To visualize the architecture of the brain structures around the lesion site, 4 brains from CCI group and 3 brains from sham-operated group were cut into 50 µm thick sections with a sliding microtome (Microm HM450, ThermoScientific, Germany) connecting to a freezing unit (Microm KS34, ThermoScientific, Germany) and every fourth section was stained with Toluidine blue (Sigma-Aldrich). Microphotographs were taken with a conventional light microscope (Leica DM6000B, Leica Microsystems, Germany) and processed with Adobe Photoshop CC (version 19). No damage for the cortices that underwent sham injury was revealed. For the CCI rats, the center of the injury was in the desired point in the cortex. The extent of injury ranged 2 – 4 mm rostrocaudally, 2 – 4 mm mediolaterally, and 1.5 – 2 mm in depth. In most CCI rats the damaged tissue was lost during the staining process, leaving a hole in the damaged region; or sometimes retained after staining (Figure 1d).
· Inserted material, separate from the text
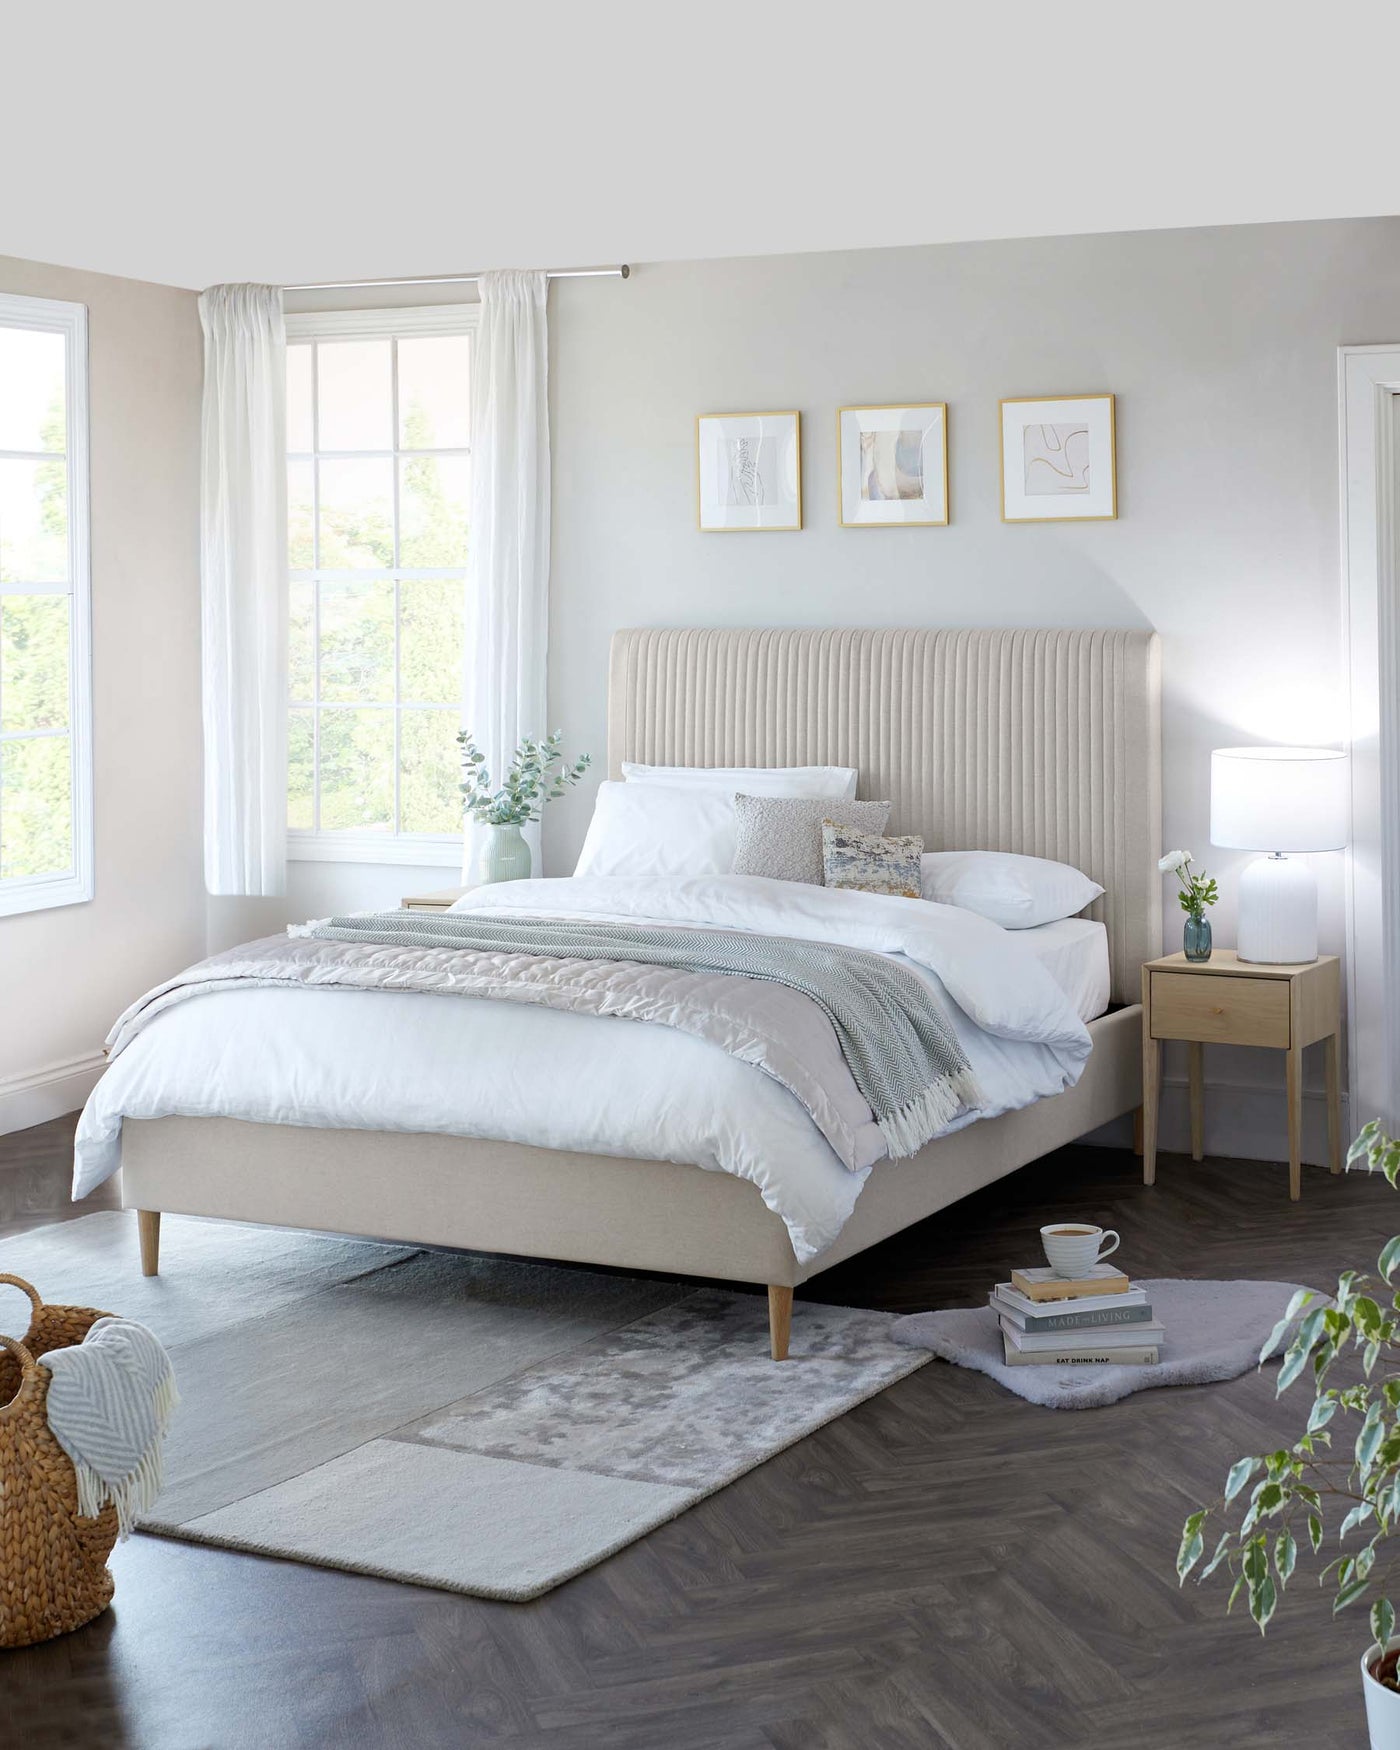 A contemporary bedroom scene featuring a queen-sized bed with an upholstered, ribbed headboard in a neutral tone. On either side of the bed is a minimalist nightstand with a natural wood finish. Each nightstand is complemented by a sleek, white lamp. The room is further accented by a textured throw draped across the bed, a woven basket on the floor, and artwork on the wall, creating a serene and stylish sleeping space.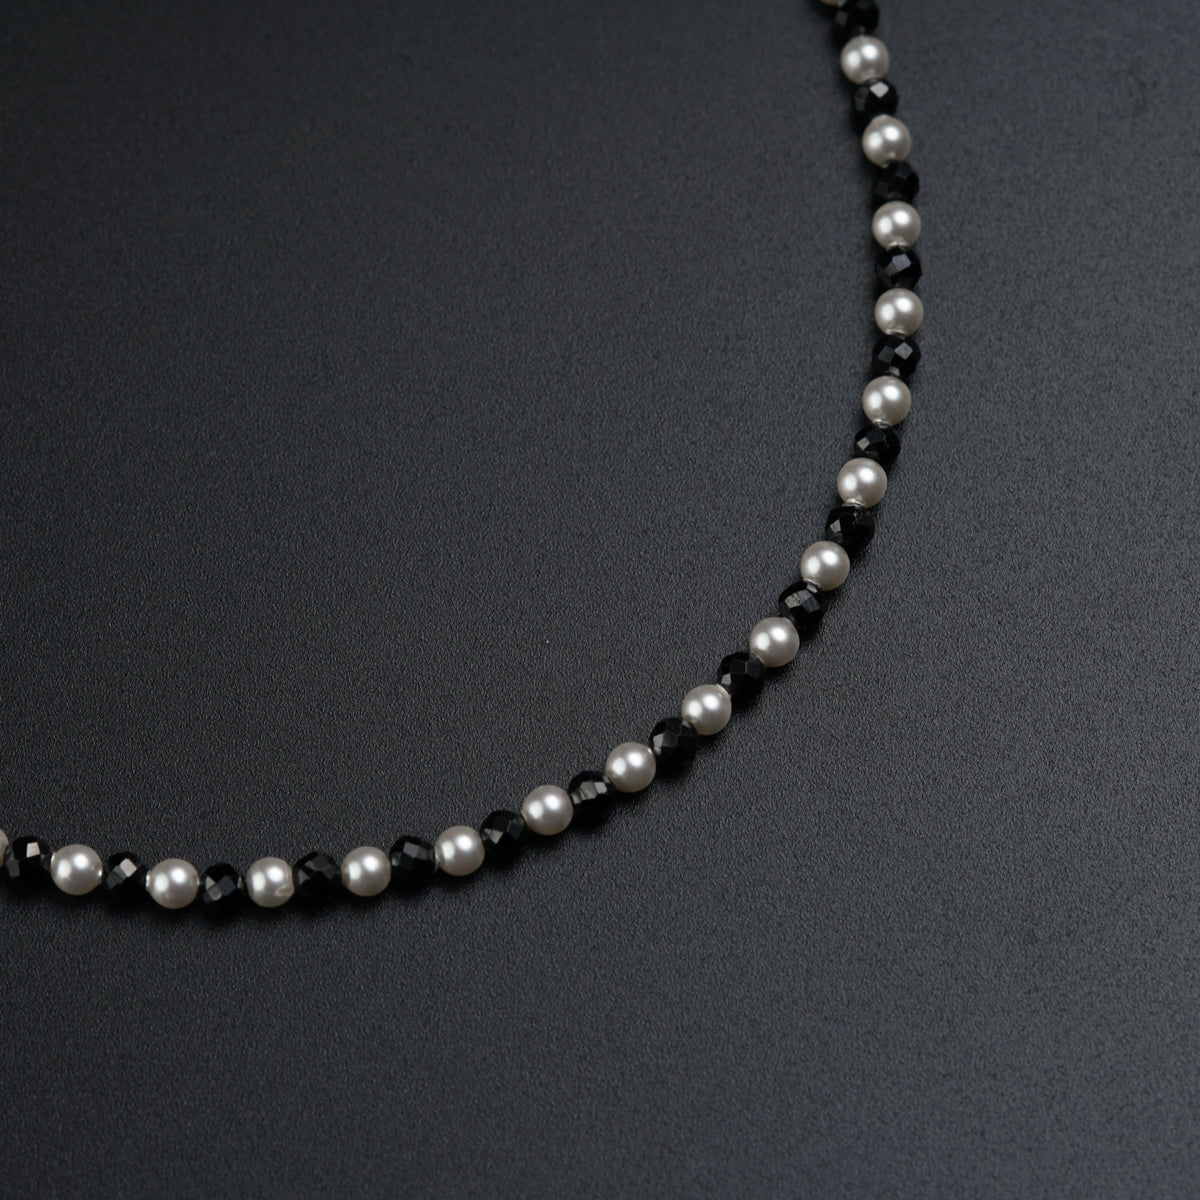 a black and white beaded necklace on a black surface

2.3 Spinal cord transection

The animals were anesthetized with sodium pentobarbital (I.P.; 60 mg/kg body weight, as an initial dose and then 6 mg/kg every hour). After measurement of postural asymmetry, the rats were placed on a stereotaxic frame to maintain the body temperature at 37 ± 0.3 ºC by a heating pad connected by a rectal probe (CMA150, CMA, Stockholm, Sweden). A laminectomy at the thoracic T2-T3 level was carried out, and the spinal cord was completely transected using a pair of fine scissors. Local infiltration of 3.5 mg/ml lidocaine (Xylocaine) with 2.2 μg/ml adrenaline was used to reduce nociceptive input during surgery. A piece of Spongostan (Medispon® (MDD sp. zo.o., Toruń, Poland) was placed between the rostral and caudal stumps of the spinal cord. The completeness of the transection was confirmed by (i) inspecting the cord during the operation to ensure that no spared fibers bridged the transection site and that the rostral and caudal stumps of the spinal cord are completely retracted; and (ii) examining the spinal cord in all animals after termination of the experiment. After completion of all surgical procedures, the wounds were closed by the 3-0 suture (AgnTho’s, Sweden) and rats were kept under infrared radiation lamp to maintain body temperature during monitoring of postural asymmetry.

2.4 Visual measurement of postural asymmetry

The magnitude of postural asymmetry (MPA) and the side of the flexed limb were assessed as described previously (Bakalkin & Kobylyansky, 1989). Briefly, the measurements were performed under pentobarbital (60 mg/kg, i.p.) anesthesia. The level of anesthesia was titrated to produce the most consistent measurements and was characterized by a barely perceptible corneal reflex and a lack of overall muscle tone. The rat was placed in ventral decubitus (prone) position on a millimeter-paper sheet. To minimize effects of tactile stimulation during the analysis three threads were glued to the nails of the middle three toes of each limb. The hindlimbs were gently pulled at the threads for 5-10 mm to reach the same level, then set free and the MPA was measured in millimeters as the length of the projection of the line connecting symmetric limb points (digits 2-4) on the longitudinal axis of the rat (Figure 1e,f). The procedure was repeated six times in immediate succession, and the mean asymmetry value for a given rat was calculated and used in statistical analyses. A limb displaying shorter projection was regarded as flexed.